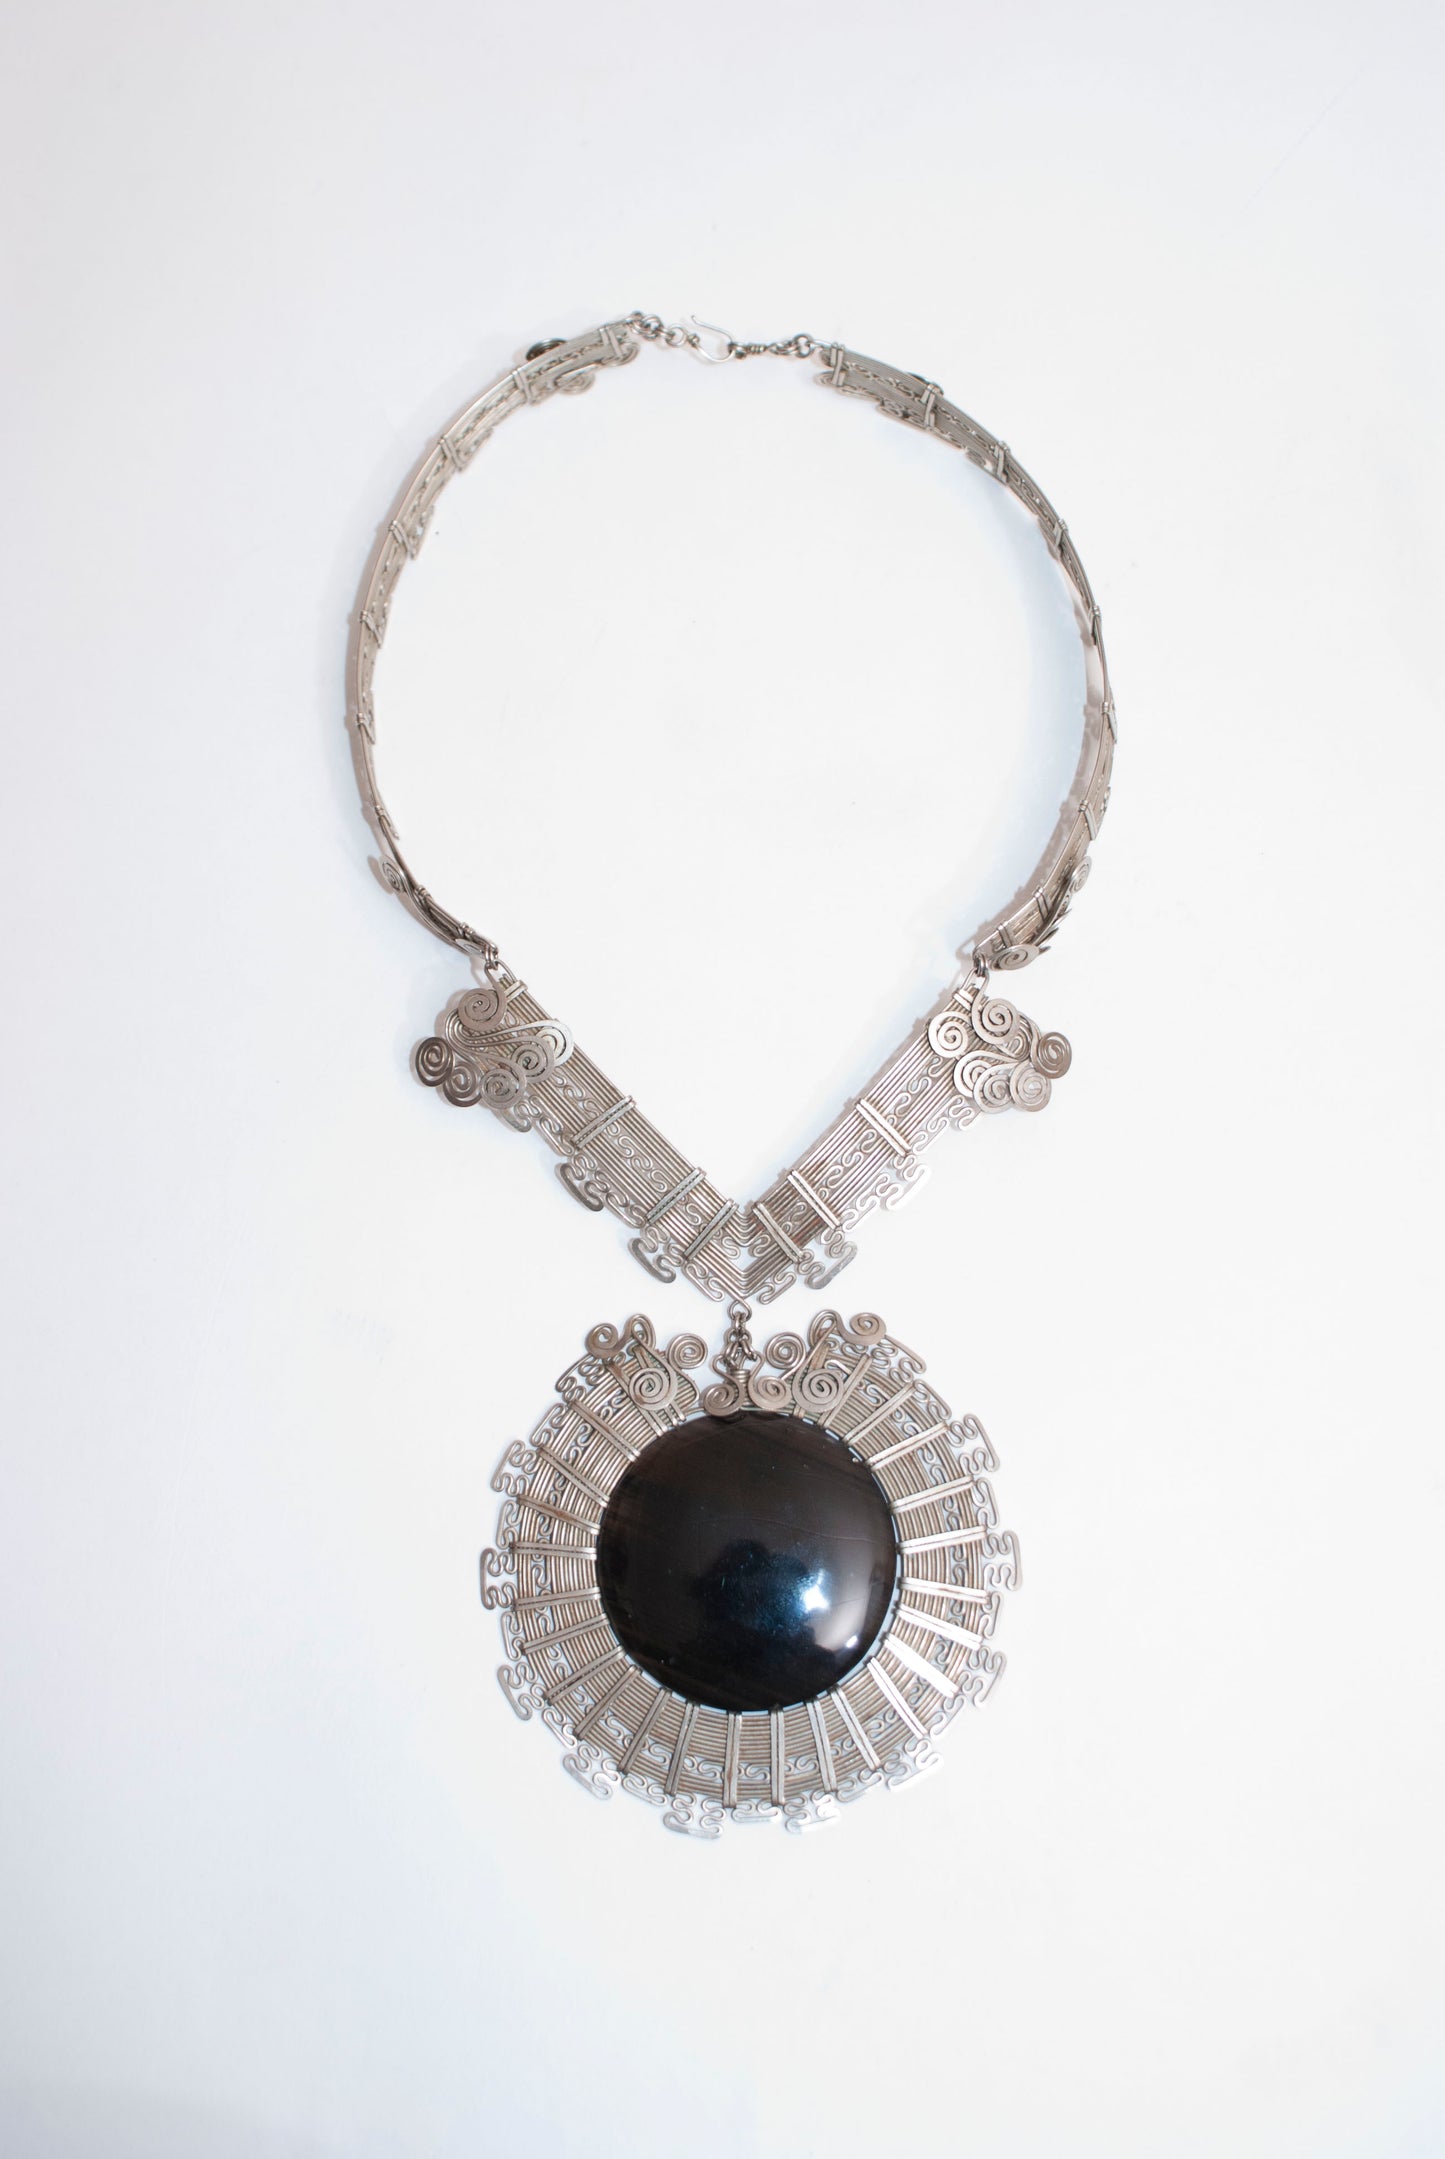 Alpaca silver and gemstone necklace
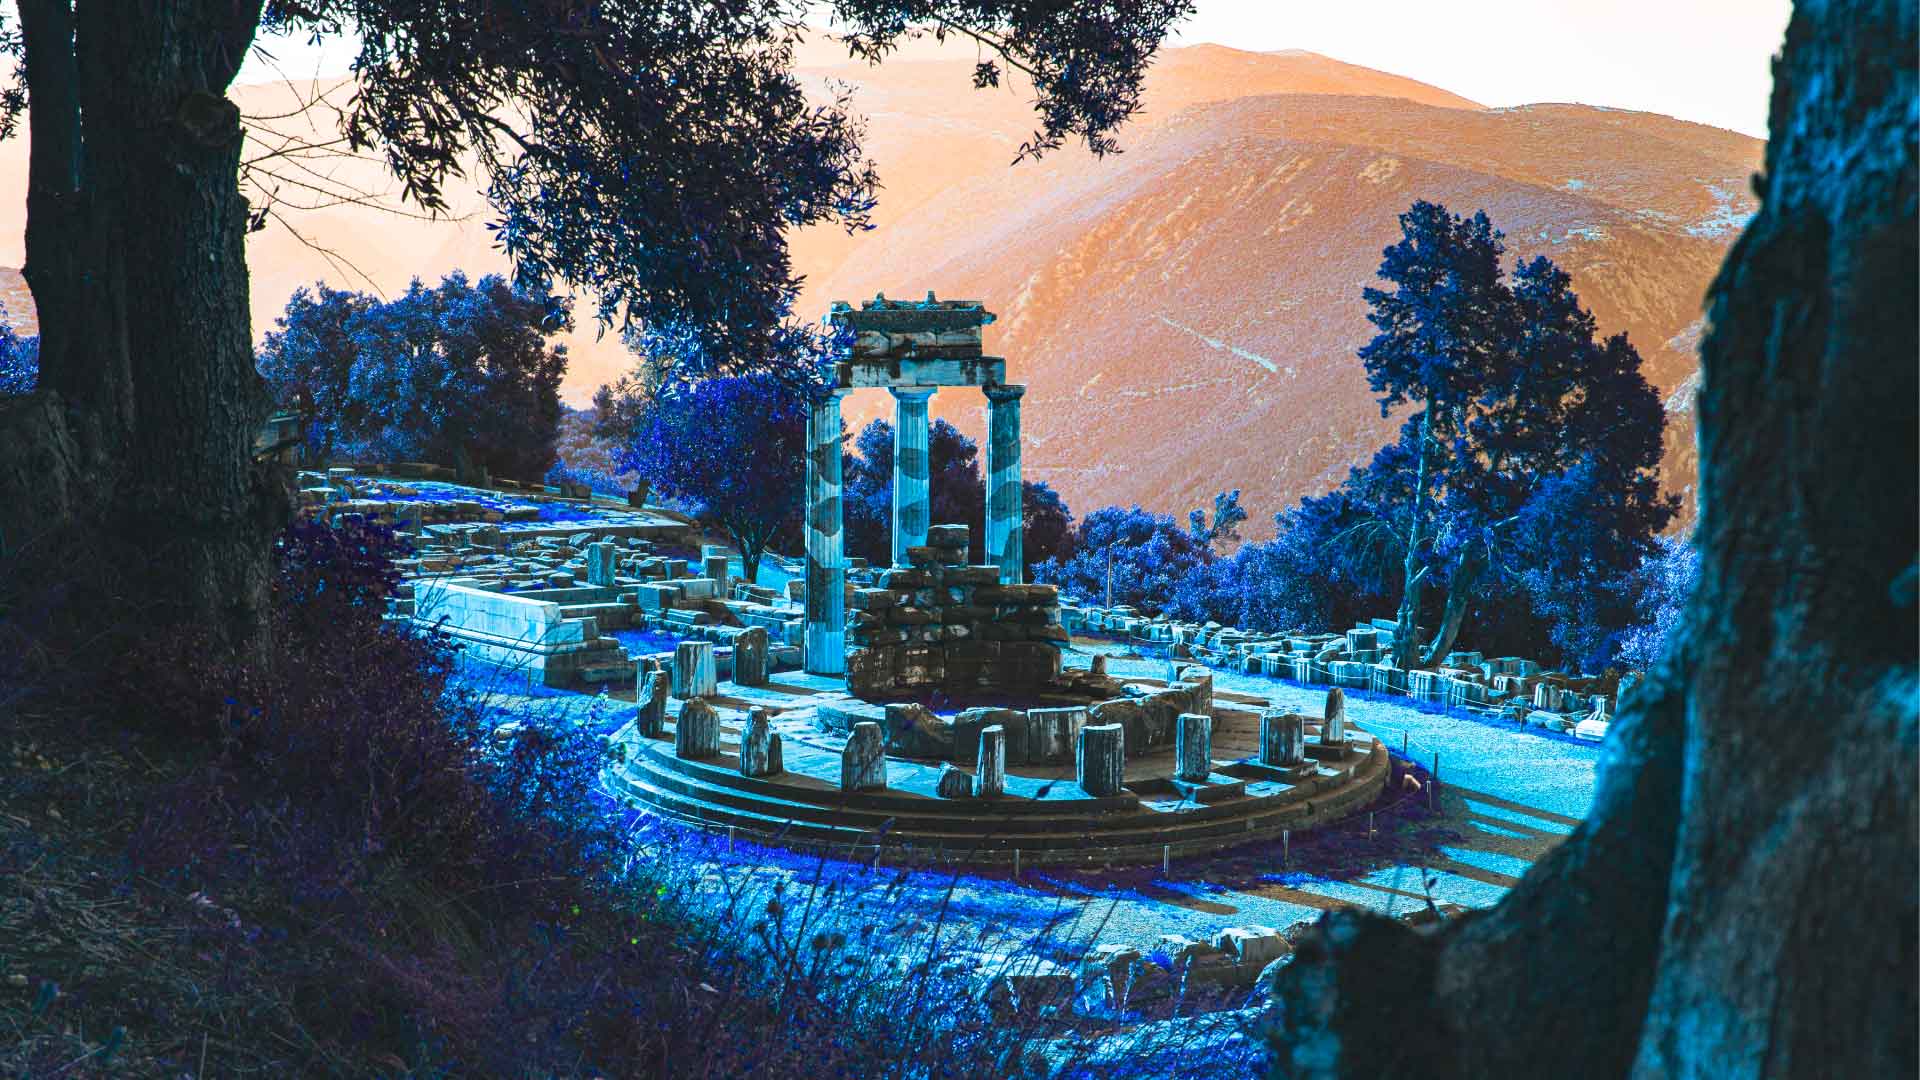 Η Θόλος στον Αρχαιολογικό χώρο των Δελφών
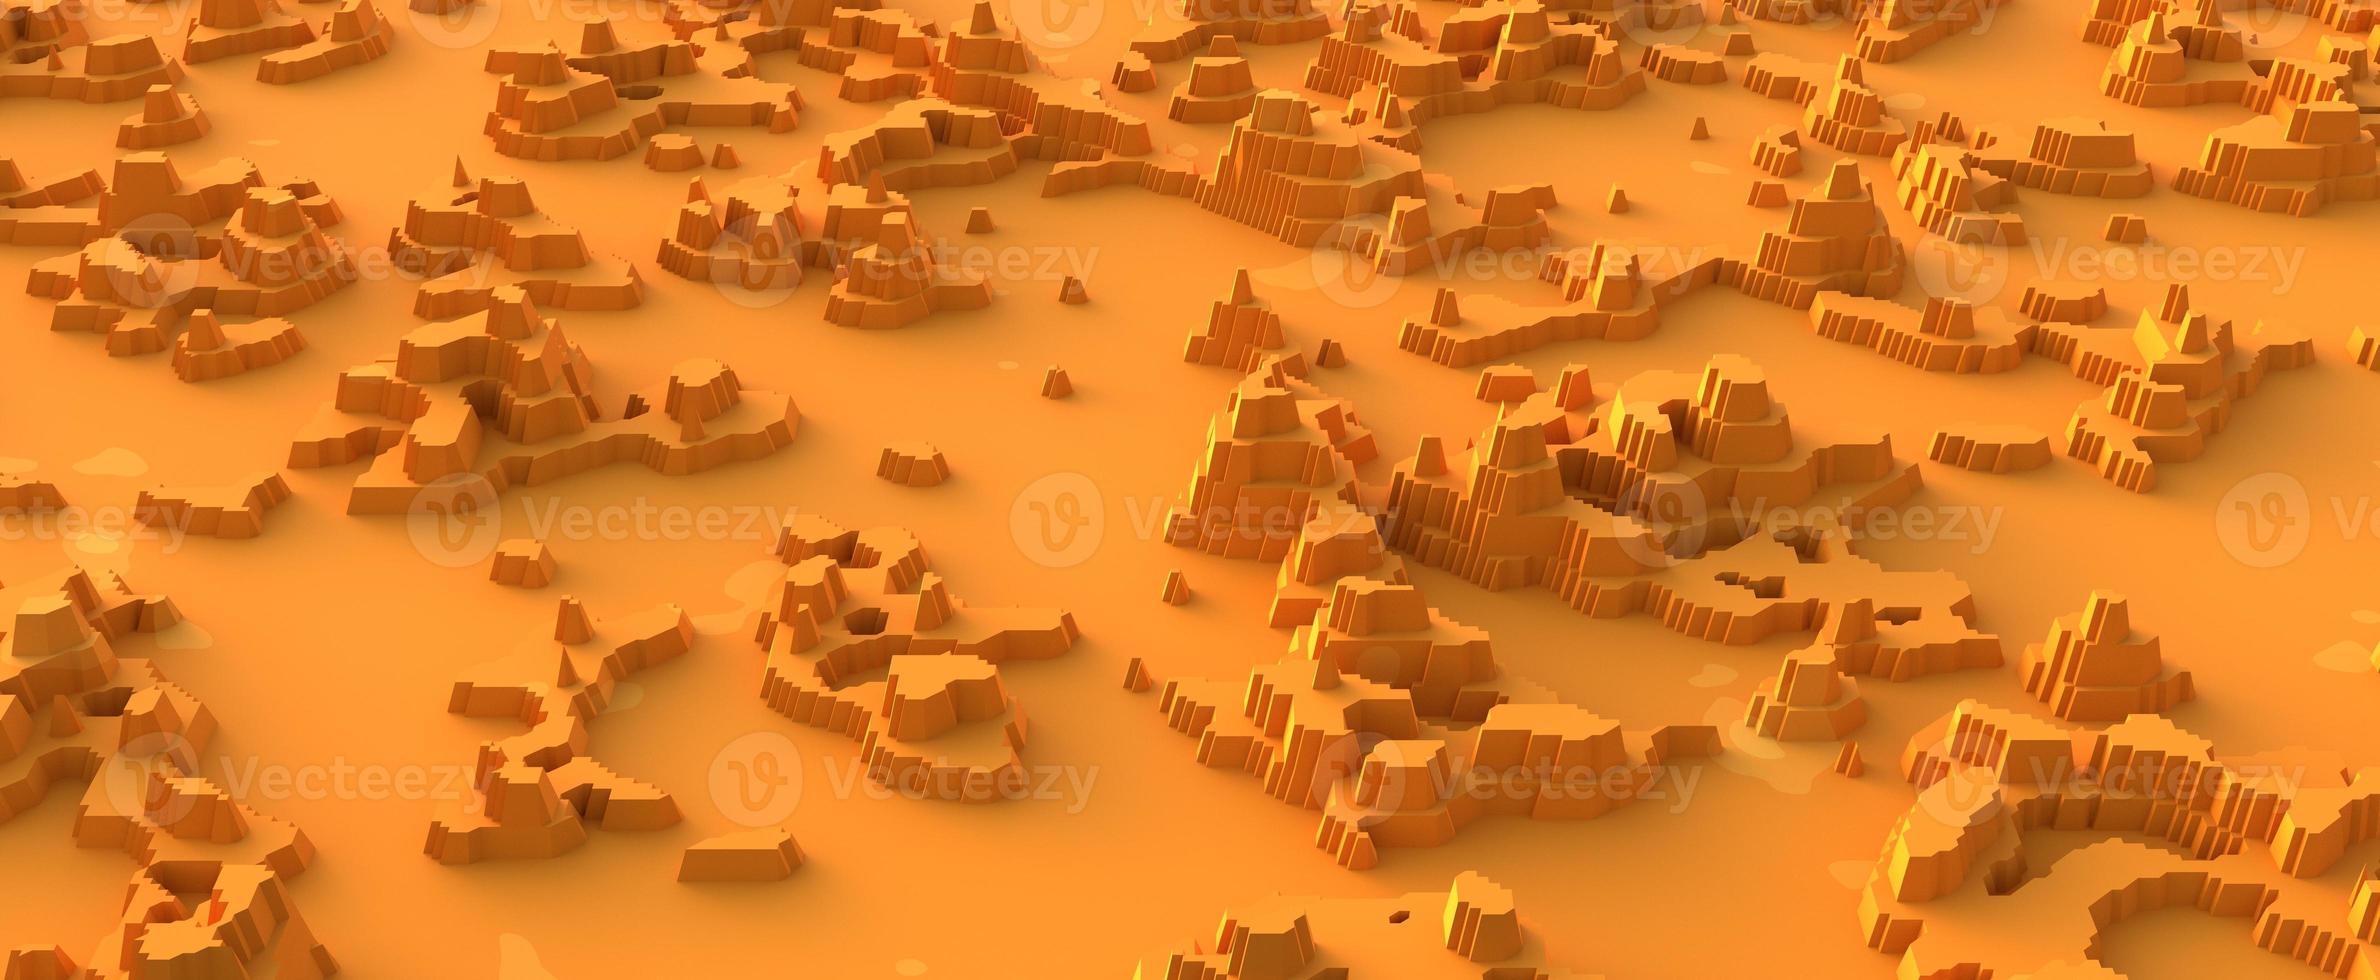 Wüstenlandschaft aus Papier ausgeschnitten. gelbe heiße sandfläche mit 3d-rendersteinmassiven und getrockneten oasen. natürliche Abstraktion von Schluchten und verstreuten Hügeln in der Wüste foto
──────────────────────────────
→ GOAL OF THE EXERCISE: The result should be a word-for-word restatement of all the data, without images.

→ PROBLEM SOLUTION:
 Alpaca silver and gemstone necklace
 Η Θόλος στον Αρχαιολογικό χώρο των Δελφών
 Wüstenlandschaft aus Papier ausgeschnitten. gelbe heiße sandfläche mit 3d-rendersteinmassiven und getrockneten oasen. natürliche Abstraktion von Schluchten und verstreuten Hügeln in der Wüste foto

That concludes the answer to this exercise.